When you want an AI to execute a product's logic, you have two bad options:

- **Natural language** — flexible, but takes paragraphs to describe, and AI fills gaps however it wants
- **Pseudocode** — tighter, but can't express the full execution logic: no retries, no branching on AI judgment, no parallel calls, no fallbacks

The result: you spend more time writing prompts than building, and the AI still misses the intent.

## The solution

AIL is a new language designed for this exact problem.
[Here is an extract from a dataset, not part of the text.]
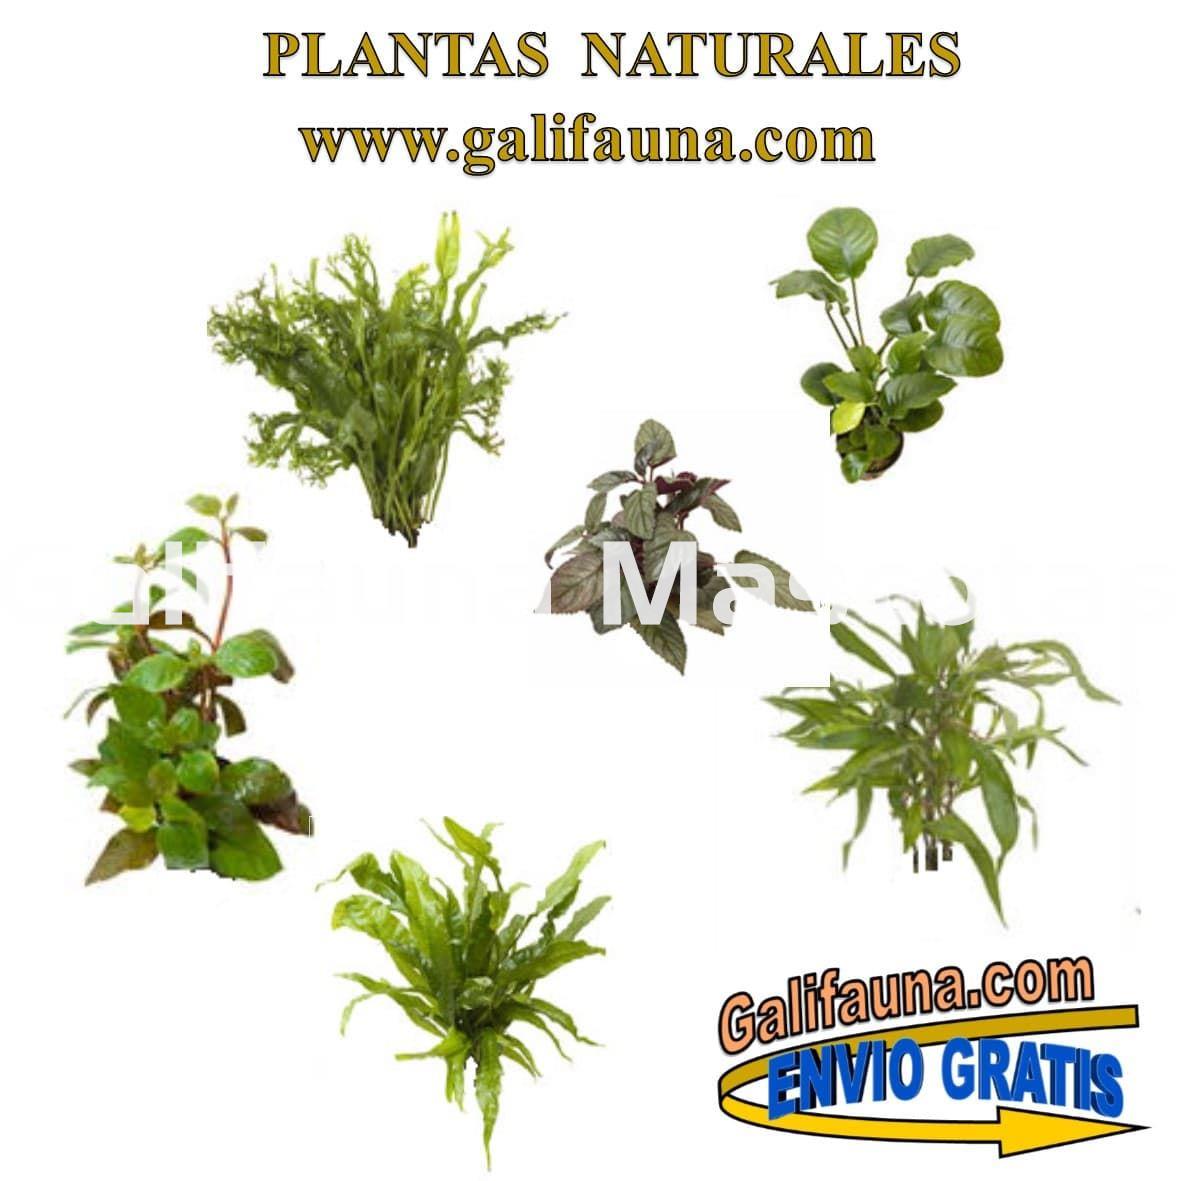 Pack de 3 plantas naturales surtidas con Portes Gratis - Imagen 2

One rule, one symbol:

```
@  →  AI executes   (semantic, non-deterministic)
   →  code runs     (deterministic, Python-compatible)
```

Write your logic the way you think it. `@ask`, `@judge`, `@validate` — the full execution intent in a fraction of the words. AIL comes with a guide written for AI, so you can paste it into any model and it immediately understands how to read and generate AIL.

**aif** is the Python framework that runs AIL. Plug in your own agent, decorate your tools, and your agent executes the workflow. Pure Python, no new concepts — if you know Python, you're ready in minutes.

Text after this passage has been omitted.